• _REQUIRED ACTION_
Only an exact repeat of the listing, without its images, counts as the answer.

• _THE DATA_
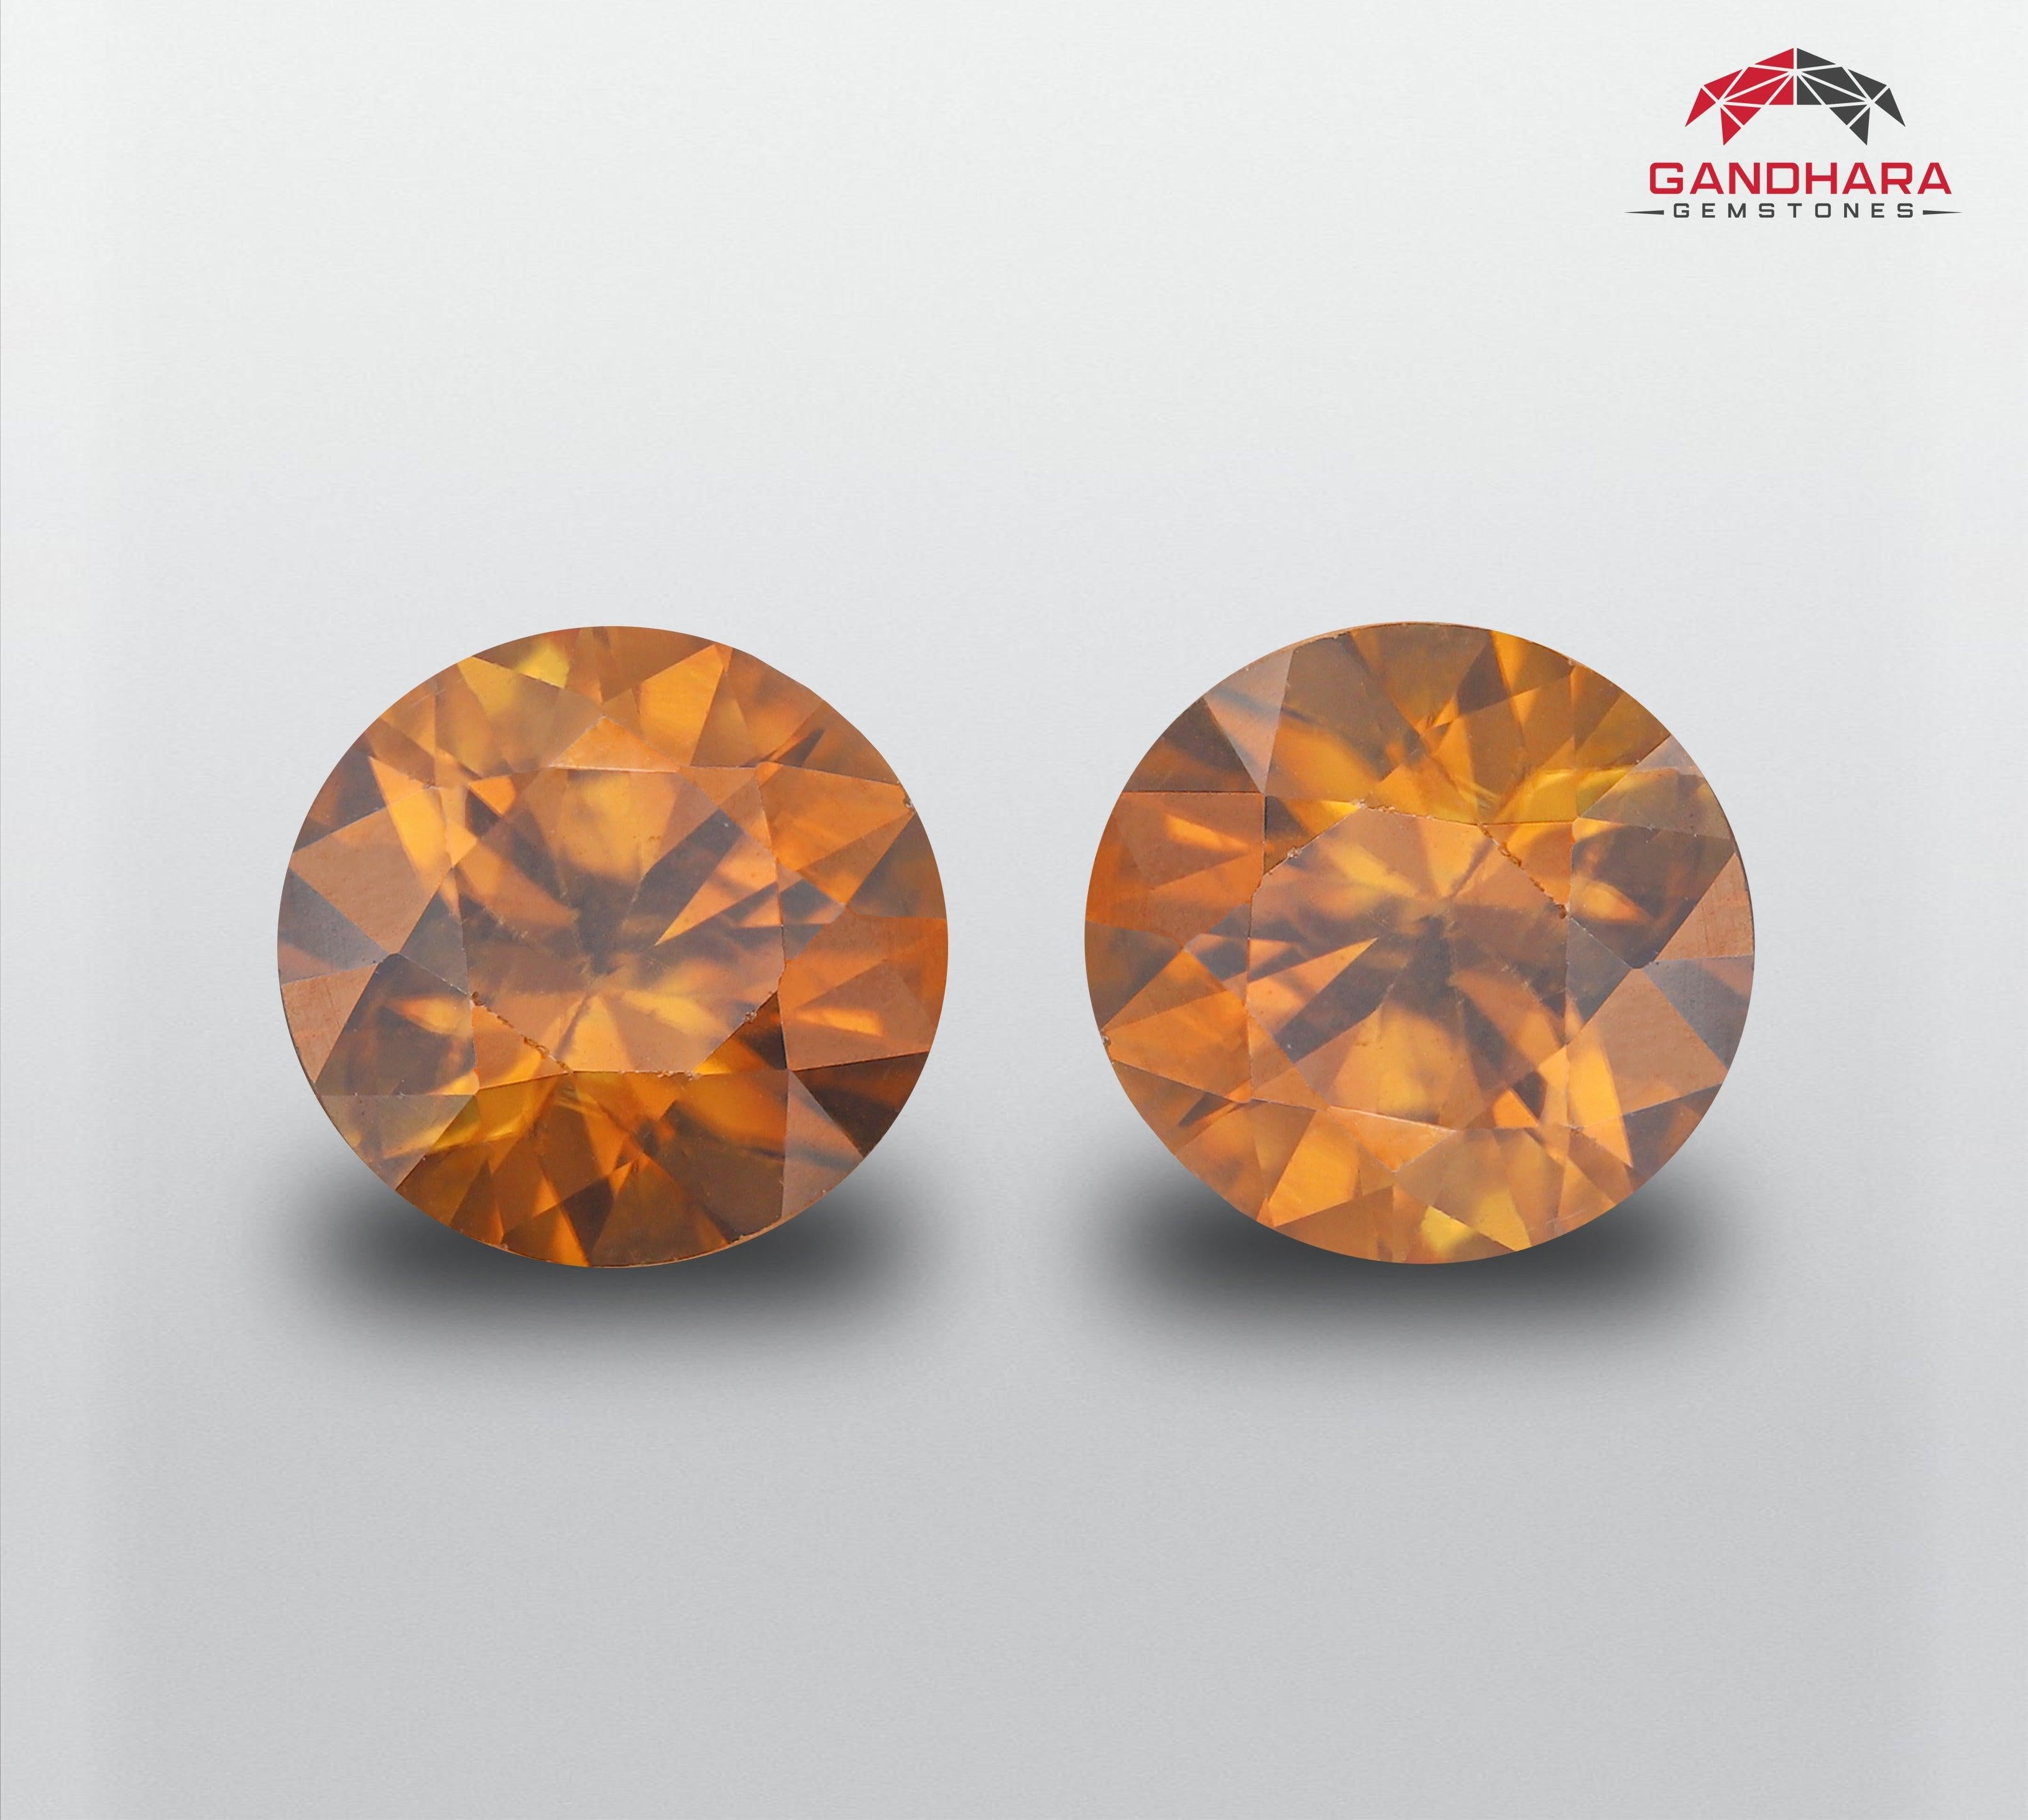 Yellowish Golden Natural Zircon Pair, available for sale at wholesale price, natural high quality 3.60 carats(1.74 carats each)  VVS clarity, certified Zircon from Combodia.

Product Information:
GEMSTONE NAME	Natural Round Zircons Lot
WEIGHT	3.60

• _OUTPUT FOR THIS TASK_
 Yellowish Golden Natural Zircon Pair, available for sale at wholesale price, natural high quality 3.60 carats(1.74 carats each)  VVS clarity, certified Zircon from Combodia.

Product Information:
GEMSTONE NAME	Natural Round Zircons Lot
WEIGHT	3.60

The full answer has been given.